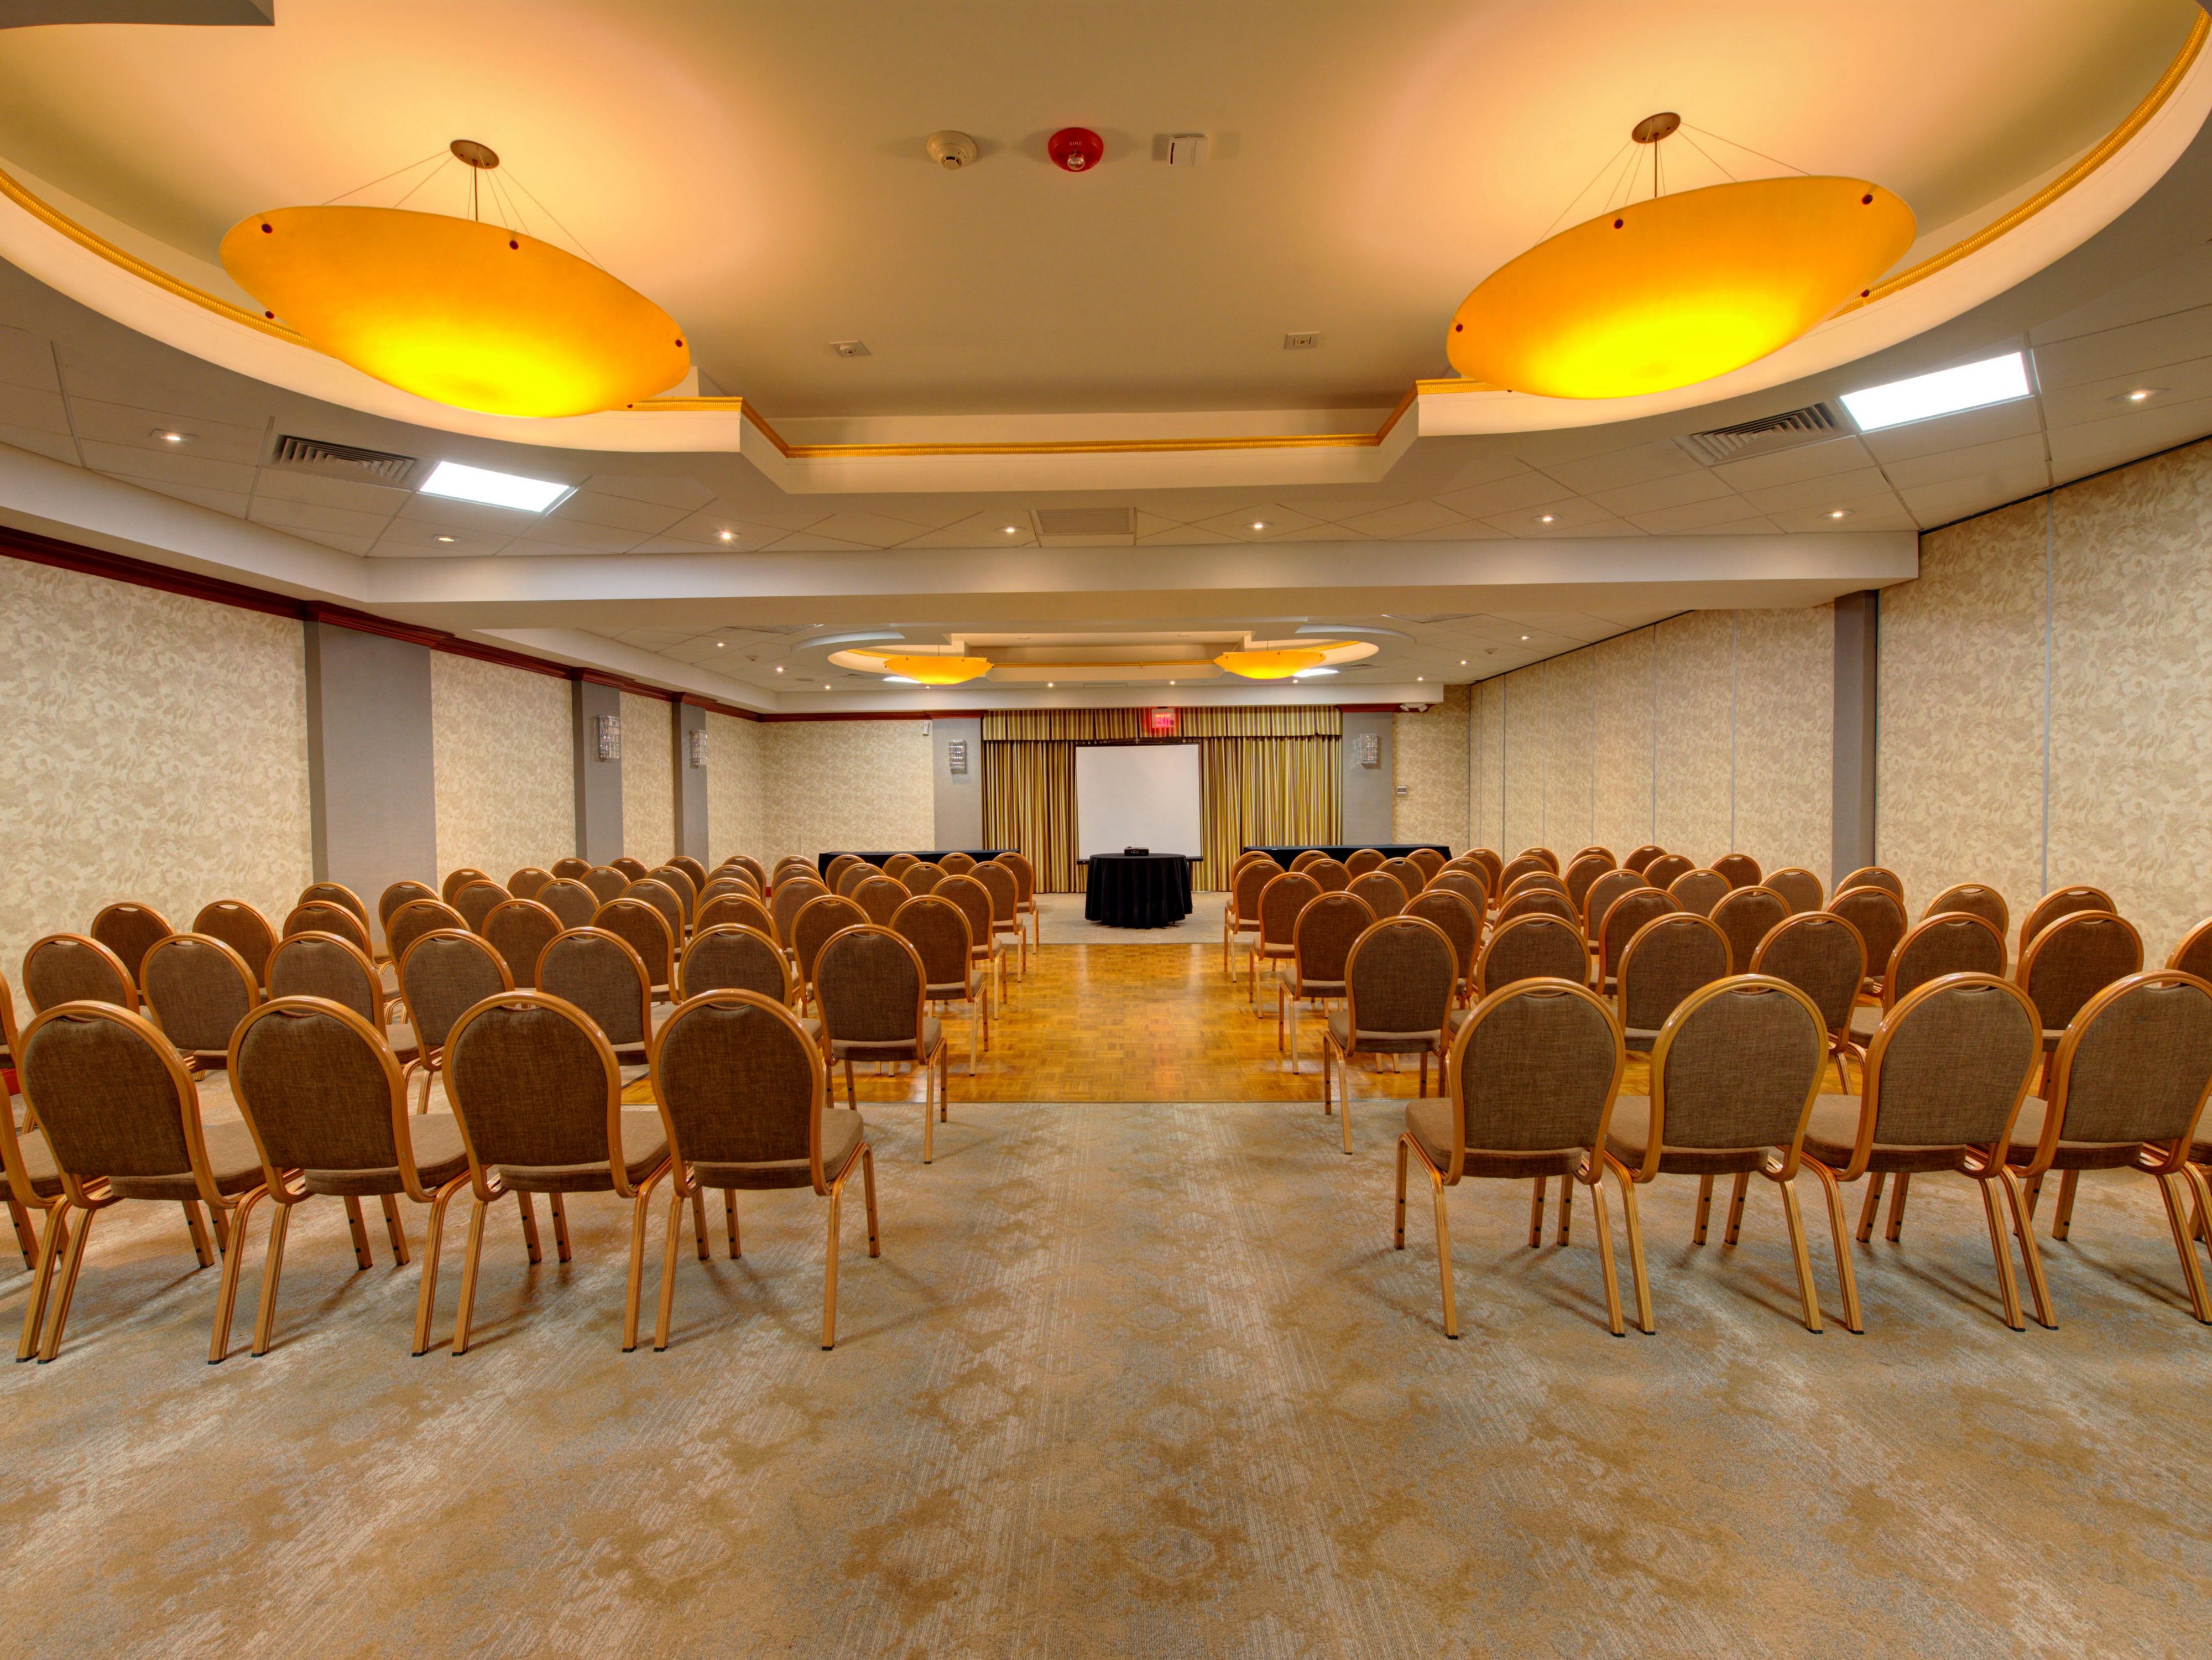 With seven flexible meeting rooms, free Wi-Fi, free parking, state-of-the-art A/V equipment, and customizable catering packages, the Holiday Inn Plainview - Long Island is the perfect setting for board meetings, conferences, trade shows, and formal dinners. Our experienced staff can assist with planning your event.
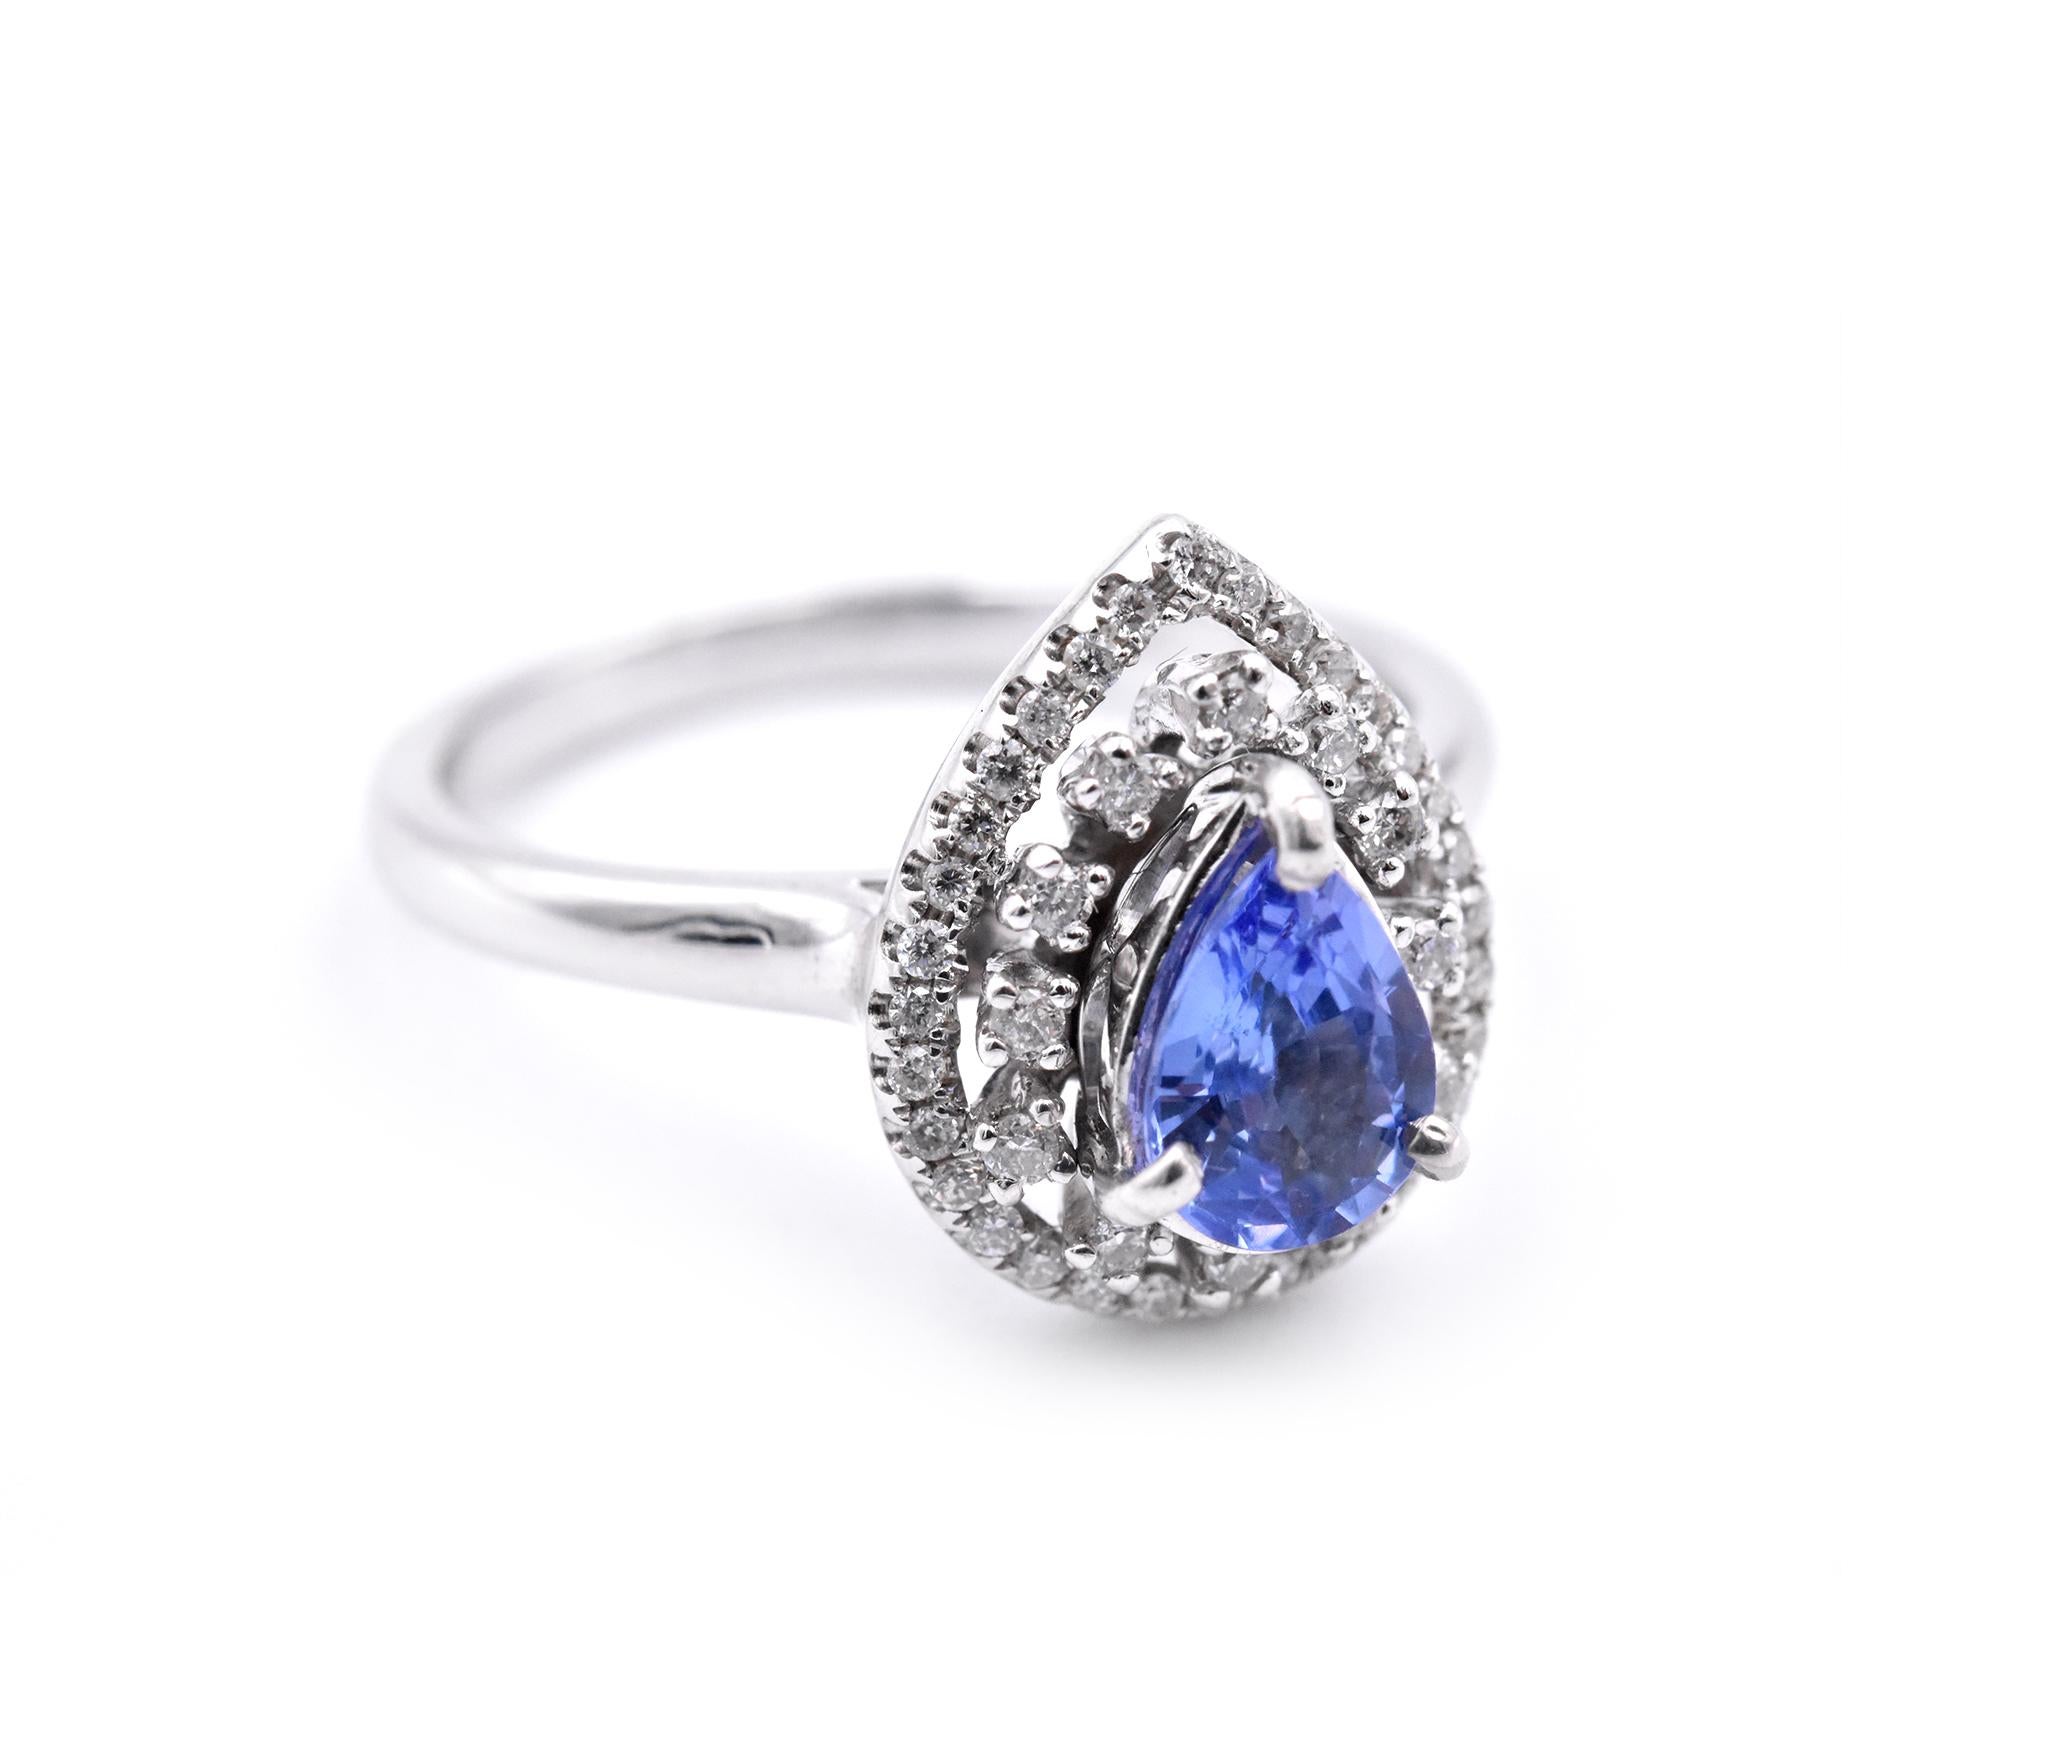 Designer: custom design
Material: 14k white gold
Gemstones: Tanzanite = .85ct PEAR
Certification: AGI 26001
Diamonds: 44 round brilliant cuts = .33cttw
Color: F/G
Clarity: VS-SI
Ring Size: 7.5 (please allow two additional shipping days for sizing

__________

* _Assignment_: Copy exactly, and only, the lines from the first entry through the line holding "Certification: AGI 26001", both ends included, leaving out every picture.

* _Exercise output_:
 With seven flexible meeting rooms, free Wi-Fi, free parking, state-of-the-art A/V equipment, and customizable catering packages, the Holiday Inn Plainview - Long Island is the perfect setting for board meetings, conferences, trade shows, and formal dinners. Our experienced staff can assist with planning your event.
 Designer: custom design
Material: 14k white gold
Gemstones: Tanzanite = .85ct PEAR
Certification: AGI 26001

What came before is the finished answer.